Indian beauty pageant titleholder

Aavriti Choudhary is a beauty pageant titleholder who won Miss Diva Supranational India 2020. She represented India at Miss Supranational 2021 on 20 August 2021 at Malopolska in Poland where she reached the top 12.

==Early life and education==
Choudhary attended secondary school at St.

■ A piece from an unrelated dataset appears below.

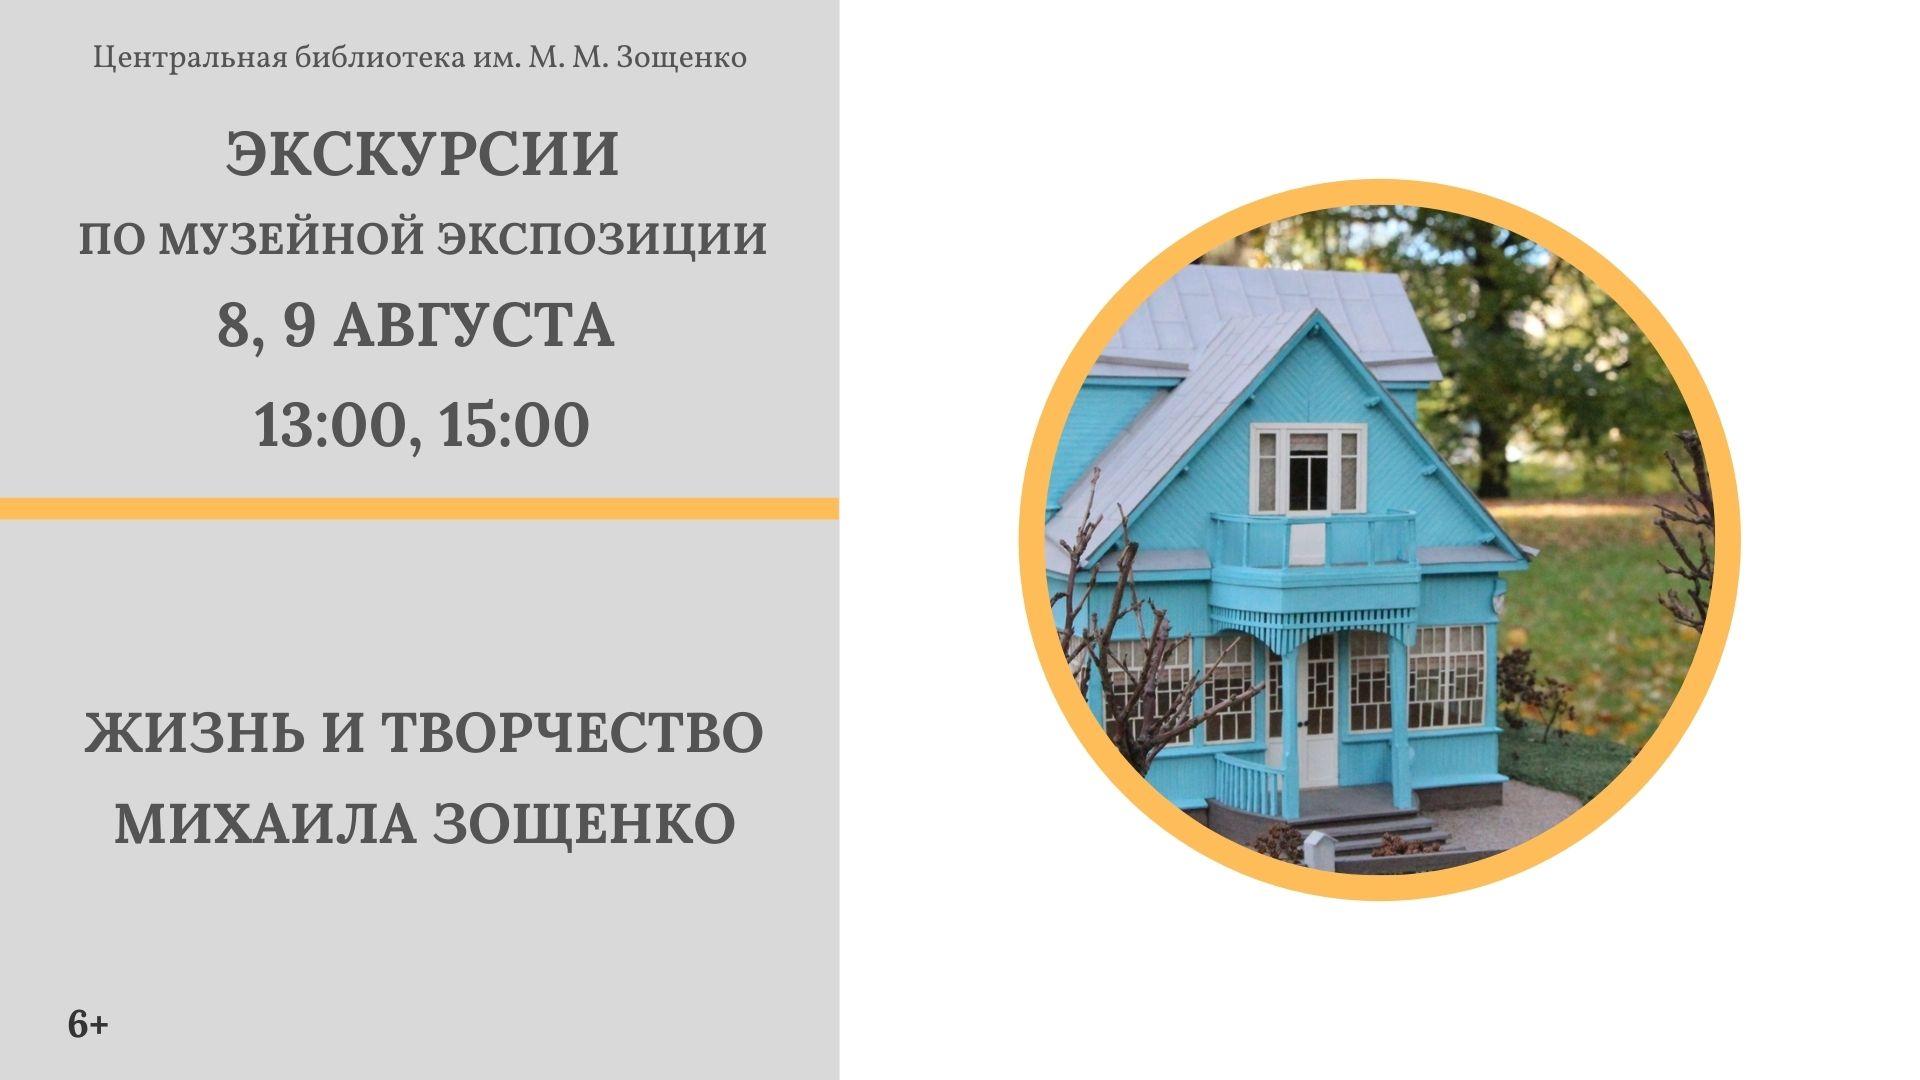 Экскурсия Жизнь и творчество Михаила Зощенко
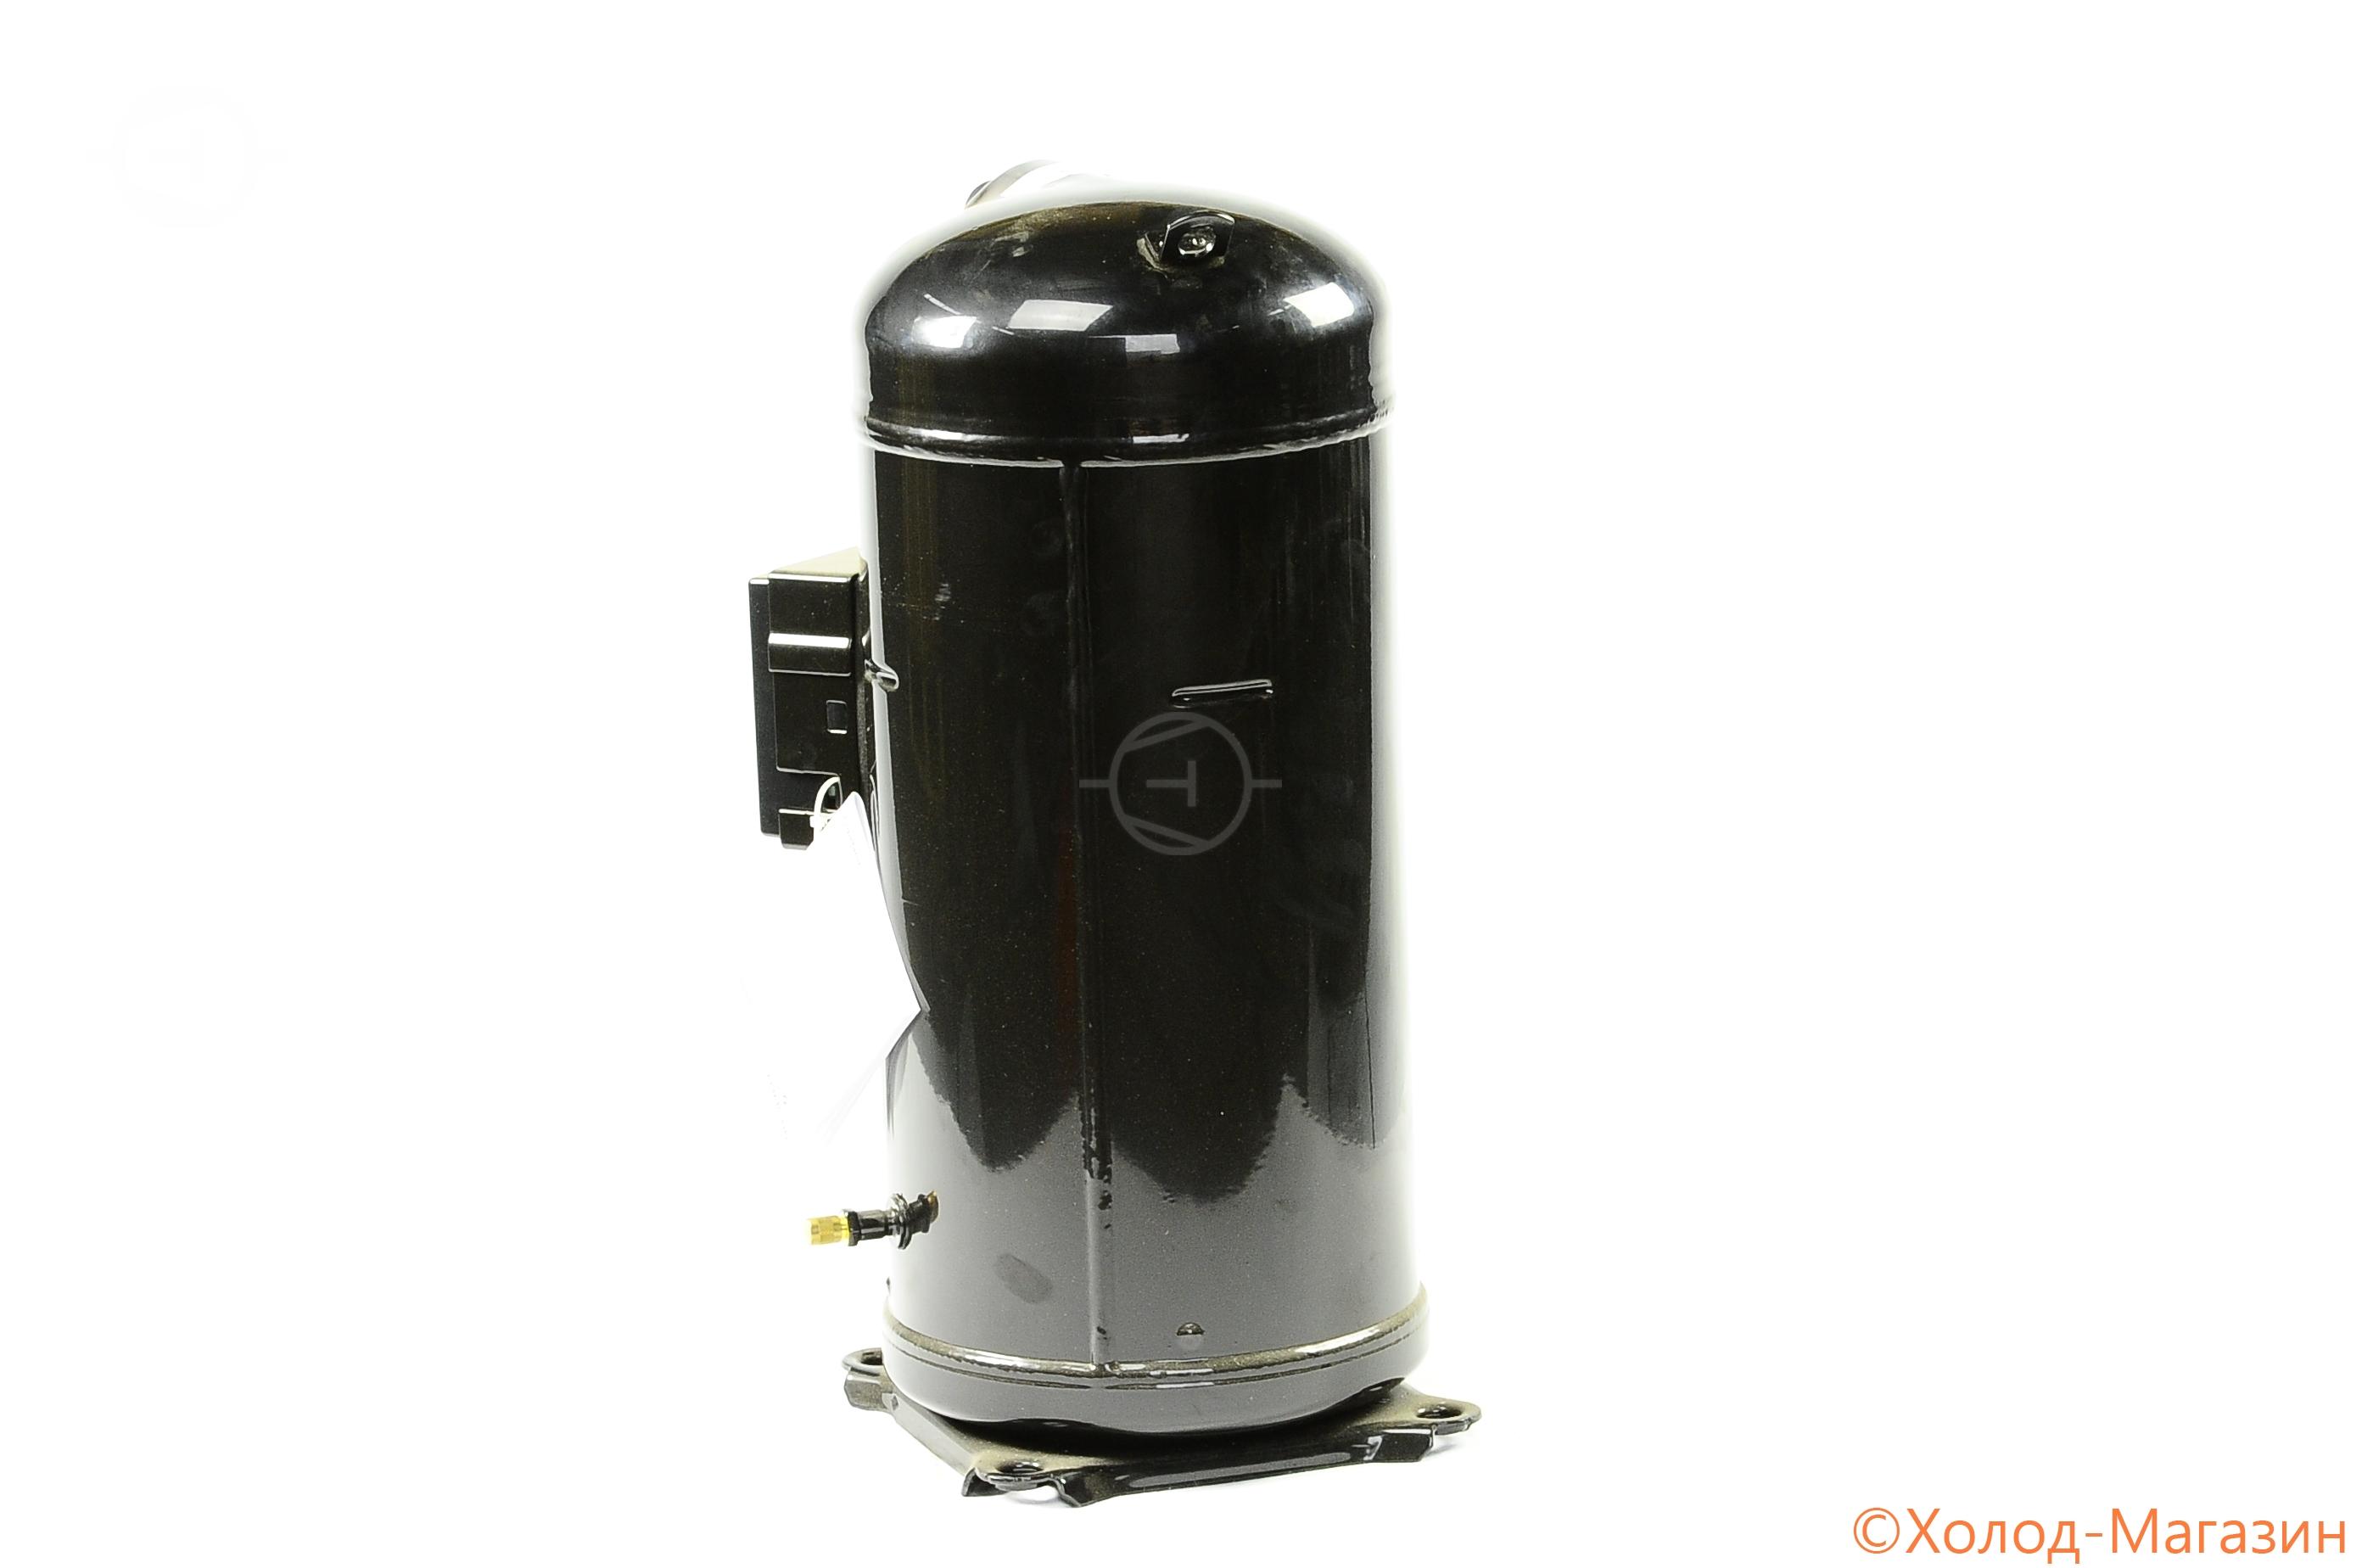 Компрессор спиральный ZR 108 KCE-TFD-455 Copeland, Emerson

Joseph's Convent Girls' Senior Secondary School.

==Pageantry==
===Miss Diva 2020===
In 2019, Choudhary auditioned and shortlisted in Indore for the Miss Diva 2020 contest. In the final round of selections in Mumbai, she was finalised as a top 20 contestant. On 22 February 2020, she was eventually crowned as Miss Diva Supranational 2020 by the outgoing titleholder Shefali Sood and sashed by Miss Supranational 2019, Anntonia Porsild at Yash Raj Studio, Andheri, Mumbai.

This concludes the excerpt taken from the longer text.